The play follows Natalie as she leaves the psychiatric hospital and comes to terms with life outside. She struggles with old friends, family members, and clinicians, all of whom manipulate her in various ways and fail to understand her situation, her behaviour and her difficulty communicating. The thrust of the play is thematic – an exploration of the lives of ‘revolving door patient[s]’ – particularly the time between admissions which Natalie refers to as; ‘Flat Space’.

It flows well, and the scenes are easy to follow, but Page adds some details in the play notes that make reading and performing potentially problematic: she suggests that ‘multiple characters are played by one actor, these change according to my interpretation.
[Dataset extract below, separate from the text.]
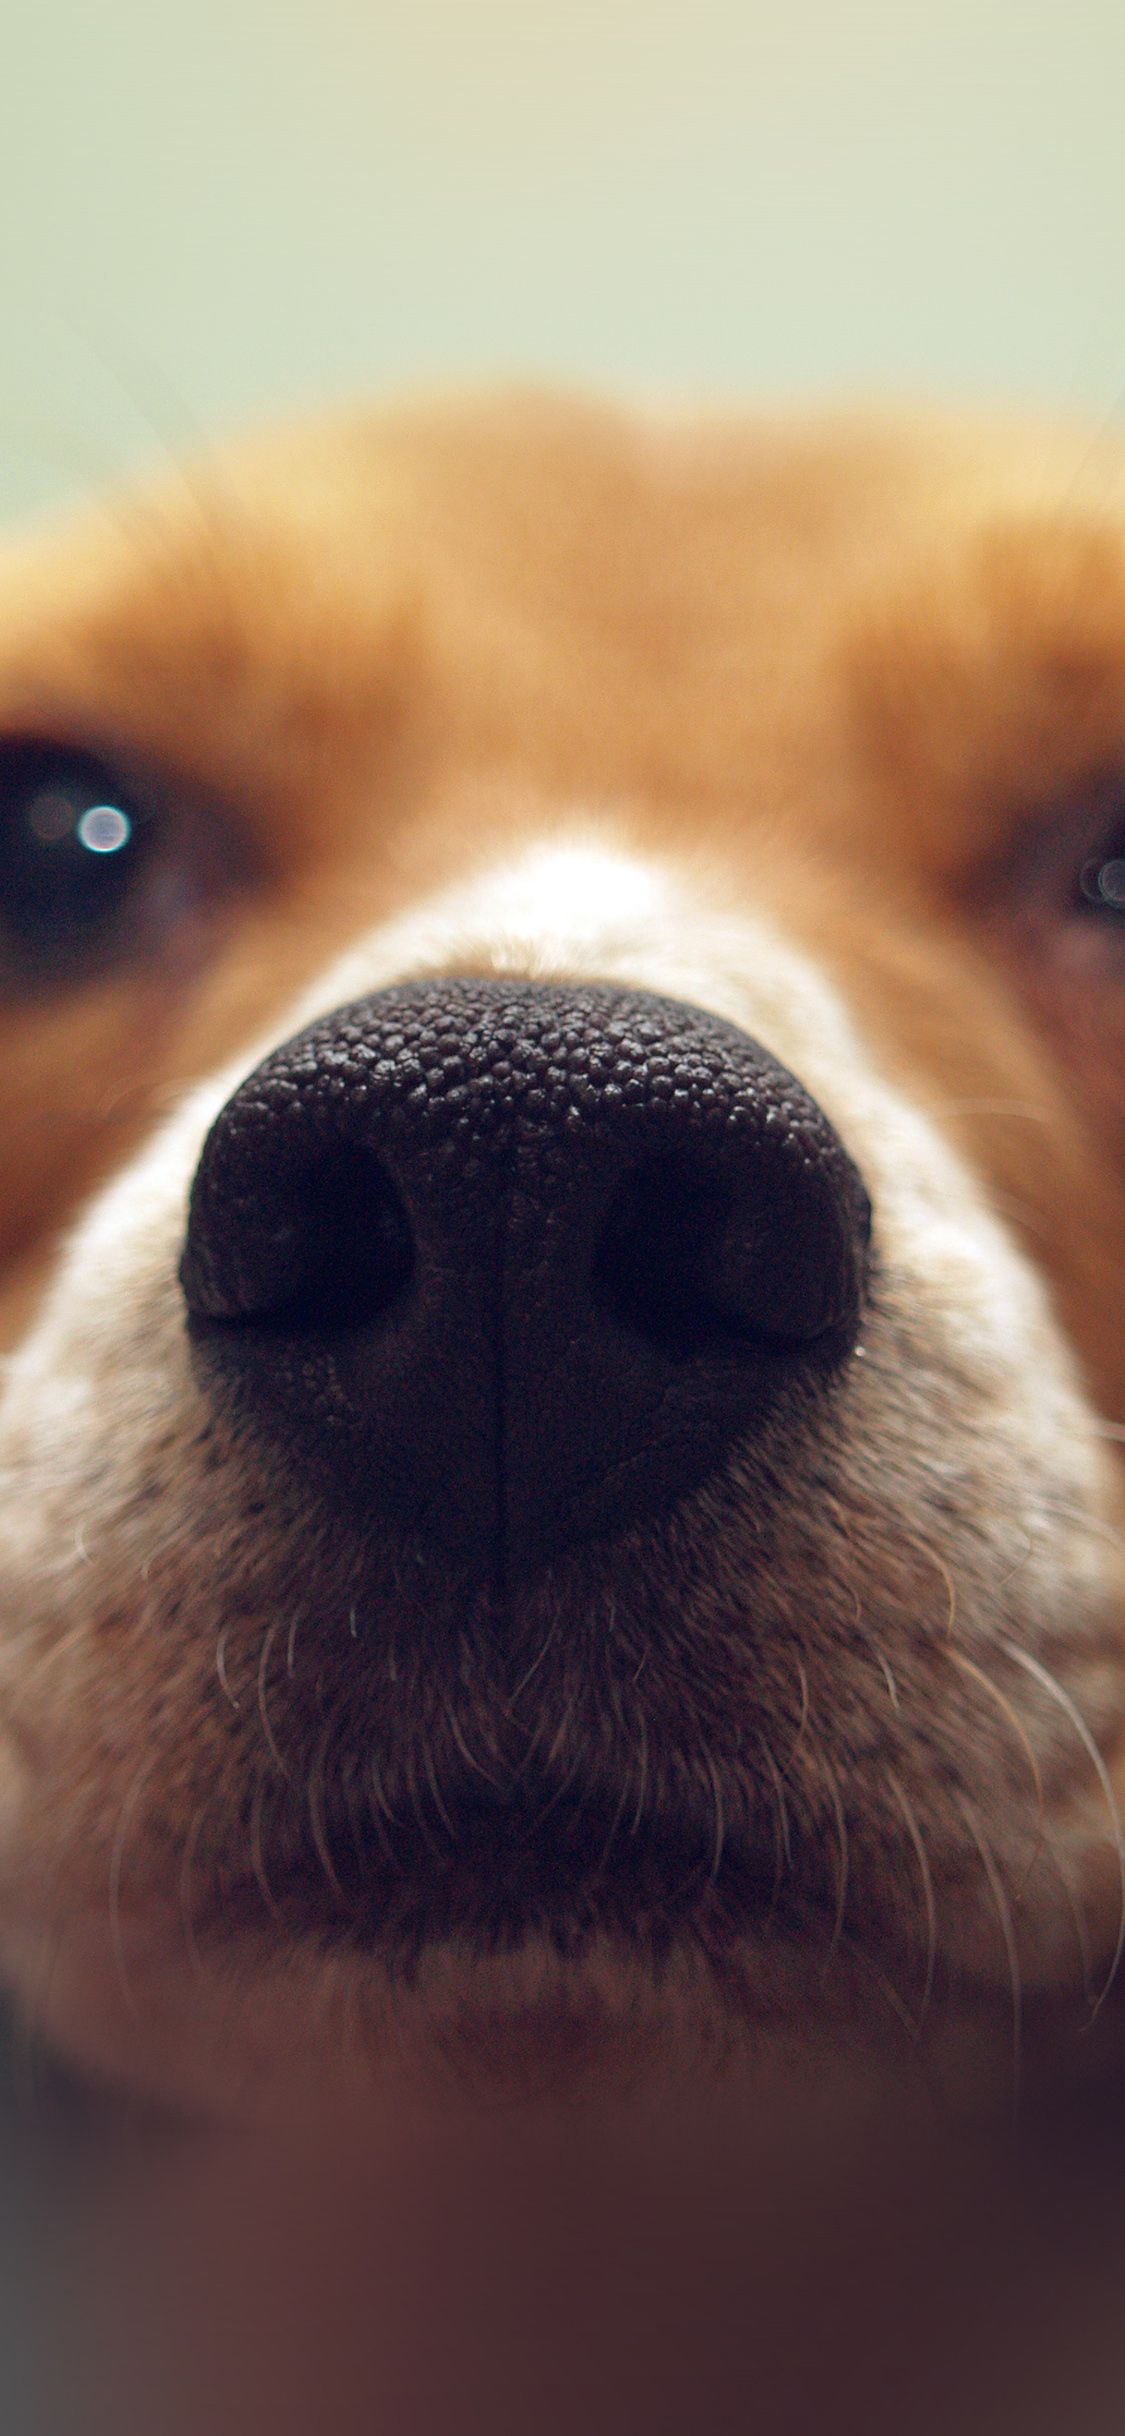 iPhone X wallpaper. cute dog animal face

Occasionally I make suggestions within stage directions’ and we see this in effect later:

Those present are: a judge […], an independent doctor (Dr), Natalie’s Responsible Clinician (RC), and Natalie’s Social Worker. The actors of these characters later double up as Natalie’s friends and the voices that she hears.

We are given further specifics:

Michael is mute (he is played by the same actor that plays Natalie’s responsible clinician) […] all of Natalie’s friends are played by the same actors as the hospital staff in the previous scene, in slightly different costumes.
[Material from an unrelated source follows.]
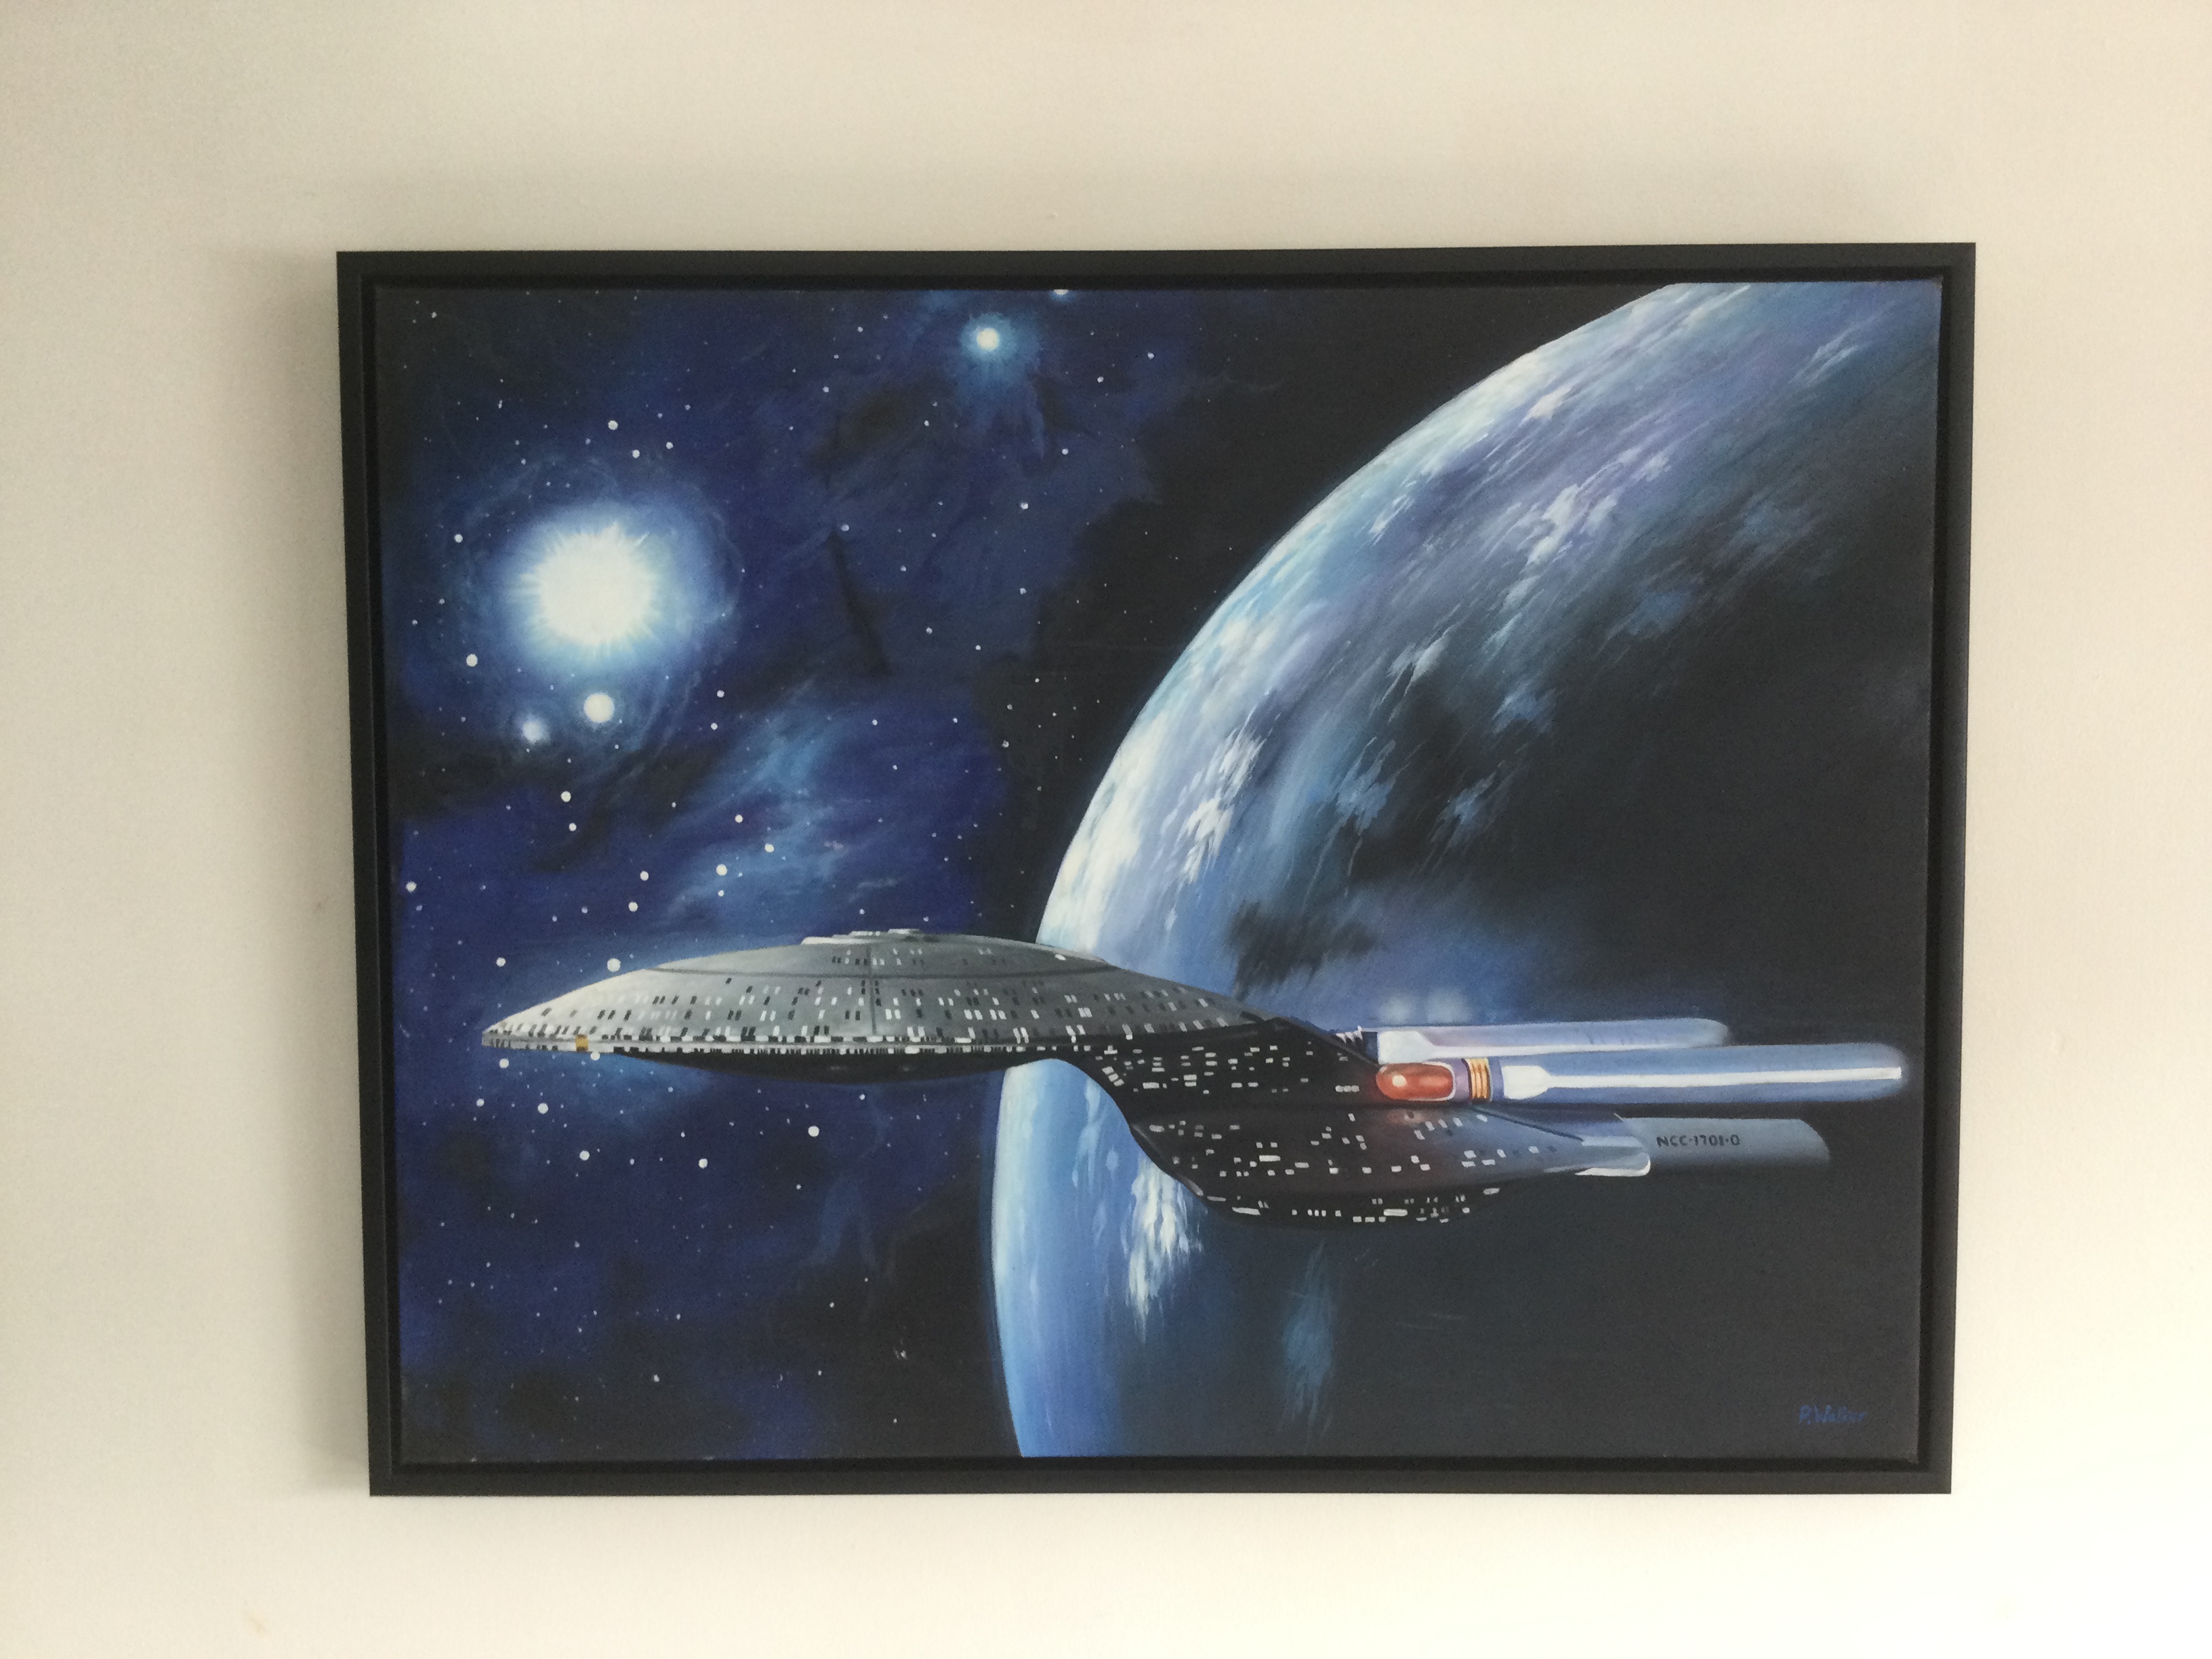 “The Starship Enterprise” by P. Walker

I could understand this doubling up of actors if there was a symbolic reason for doing so, but that isn’t clear from the text, and the seemingly random assignation of actors to characters in the second scene of the play makes me doubt whether the move is a symbolic one. I could understand shifting the actors around later in the play so as to confuse the audience and emphasise Natalie’s deteriorating mental state, but doing so in the second scene of the play is confusing and unclear. A similarly strange choice is made later in the play when something unfortunate happens to a character we met only once, yet we are encouraged to feel sympathy for this character when, had it had happened to one of the other characters we’d grown to know, it would have been far more effective.

At points it’s not clear quite where the play is going, or whether it’s moving at all, though this stillness is counteracted by the good characterisation and entertaining dialogue that reveals more about the various characters and their story lines. The story picks up later in the play when Natalie’s father enters the picture, and this leads to a heavy scene weighed down with exposition that could have been sprinkled through the earlier scenes. The conclusion is very dark, but the play does read much better than the poetry. I’d encourage the author to stick to prose, or find a form of poetry that better expresses the theme she wants to tackle.